Peg-stability Module
Last updated
Last updated
Peg-stability module (PSM) is a common function in most stablecoin issuance protocols. PSM allows 1:1 swap between a stablecoin issued by a protocol and quote token (ex. USDC).
For zSOL PSM should allow zSOL <-> SOL at 1:1 ratio, however LP Finance uses mSOL, which is a liquid staking derivative of SOL.
mSOL and zSOL's market price is not correctly accounted to SOL price. Therefore the program treats the price as follows.
mSOL: True price (value when delayed unstake)
zSOL: SOL price
This prevents oracle exploits where zSOL or mSOL price depegs, causing higher redemption of mSOL or higher issuance of zSOL, causing zSOL to be undercollateralized.
mSOL is not always pegged to staked SOL's value. As mSOL to be fully claimed for SOL, a full epoch has to pass, which means in a volatile market condition, people would rather sell mSOL on market rather than wait to claim.
Here is an example of mSOL depegging during FTX collapse event. (mSOL-SOL Saber)
In case of mSOL depeg event, zSOL would be depegged at an equivalent rate. This is not a bug but a "design". Short-sellers can take benefit by shorting zSOL instead of SOL as zSOL is likely to fall more in price where SOL price crashes.
Unlike other PSM, LP Finance implement "Protocol Debt Vault" which is an account managed by LP Finance DAO. It acts same as other accounts, but have solely mSOL as collateral, maximum LTV of 100%, and cannot be liquidated.
PSM interacts with the Protocol Debt Vault in the backend as follows.
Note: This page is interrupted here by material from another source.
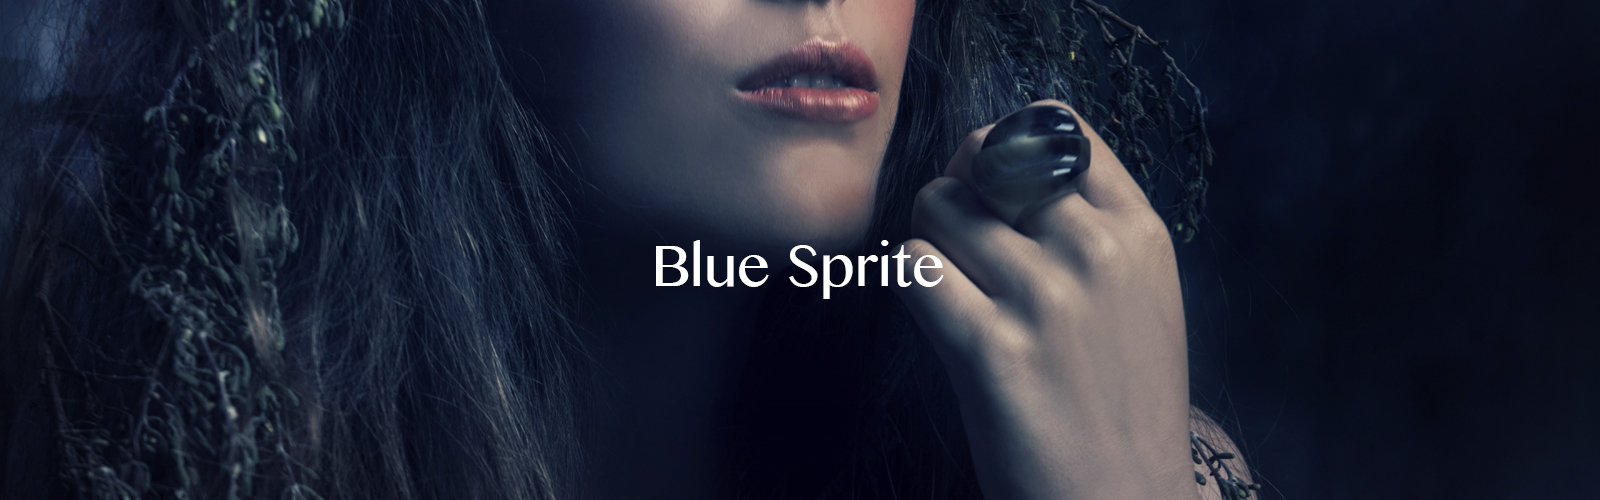 Blue Sprite Header with text

Swap mSOL-->zSOL: Deposit mSOL as collateral & borrow zSOL
Swap zSOL-->mSOL: Repay zSOL & withdraw mSOL collateral
There is a swap fee for claiming mSOL (zSOL-->mSOL), which is a revenue source for LP Finance DAO. Additionally, when PSM activities are static, Protocol Debt Vault earns staking yields which is more efficient than having SOL.